Forward-looking statements, by their very nature, are subject to numerous risks and uncertainties and are based on several assumptions which give rise to the possibility that actual results could differ materially from the expectations expressed in or implied by such forward-looking statements and that Finning's business outlook, objectives, plans, strategic priorities and other statements that are not historical facts may not be achieved. As a result, Finning cannot guarantee that any forward-looking statement will materialize. Factors that could cause actual results or events to differ materially from those expressed in or implied by these forward-looking statements include: general economic and market conditions; foreign exchange rates; commodity prices; the level of customer confidence and spending, and the demand for, and prices of, Finning's products and services; Finning's dependence on the continued market acceptance of Caterpillar's products and Caterpillar's timely supply of parts and equipment; Finning's ability to continue to improve productivity and operational efficiencies while continuing to maintain customer service; Finning's ability to manage cost pressures as growth in revenues occur; Finning's ability to reduce costs in response to slowing activity levels; Finning's ability to attract sufficient skilled labour resources to meet growing product support demand; Finning's ability to negotiate and renew collective bargaining agreements with satisfactory terms for Finning's employees and the Company; the intensity of competitive activity; Finning's ability to successfully integrate the distribution and support business formerly operated by Bucyrus; Finning's ability to raise the capital needed to implement its business plan; regulatory initiatives or proceedings, litigation and changes in laws or regulations; stock market volatility; changes in political and economic environments for operations; the integrity, reliability, and availability of information technology and the data processed by that technology; expected operational benefits from the new ERP system. Forward-looking statements are provided in this report for the purpose of giving information about management's current expectations and plans and allowing investors and others to get a better understanding of Finning's operating environment. However, readers are cautioned that it may not be appropriate to use such forward-looking statements for any other purpose.

Forward-looking statements made in this report are based on a number of assumptions that Finning believed were reasonable on the day the Company made the forward-looking statements. Refer in particular to the Outlook section of the MD&A. Some of the assumptions, risks, and other factors which could cause results to differ materially from those expressed in the forward-looking statements contained in this report are discussed in the Company's current Annual Information Form (AIF) in Section 4.

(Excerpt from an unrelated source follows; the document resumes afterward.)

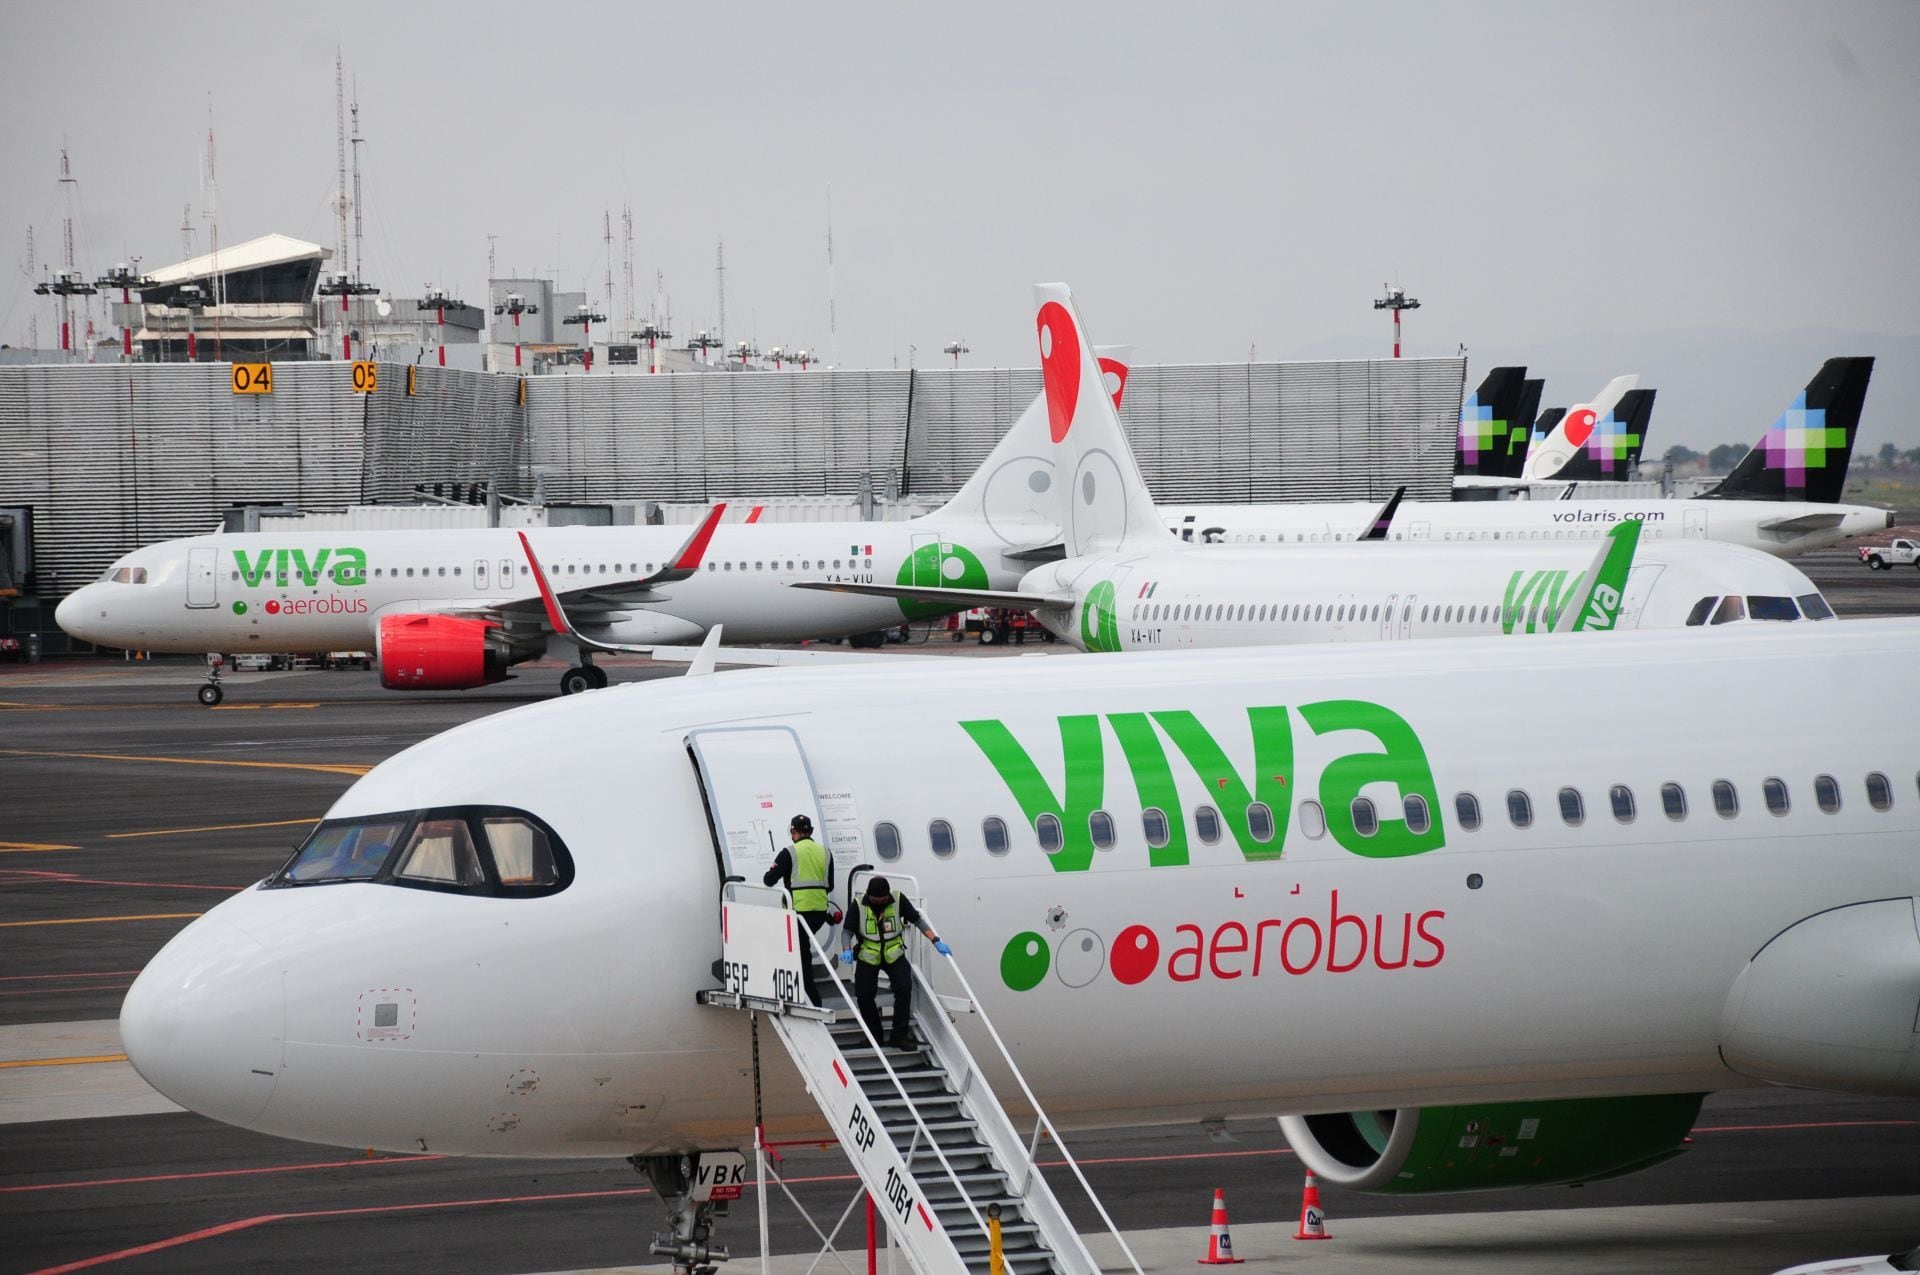 Usuarios denunciaron en redes sociales que estuvieron atrapados en un avión de Viva Aerobús por más de 4 horas y que nunca volaron a su destino.

Finning cautions readers that the risks described in the AIF are not the only ones that could impact the Company. Additional risks and uncertainties not currently known to the Company or that are currently deemed to be immaterial may also have a material adverse effect on Finning's business, financial condition, or results of operations.

Except as otherwise indicated, forward-looking statements do not reflect the potential impact of any non-recurring or other unusual items or of any dispositions, mergers, acquisitions, other business combinations or other transactions that may be announced or that may occur after the date hereof. The financial impact of these transactions and non-recurring and other unusual items can be complex and depends on the facts particular to each of them. Finning therefore cannot describe the expected impact in a meaningful way or in the same way Finning presents known risks affecting its business.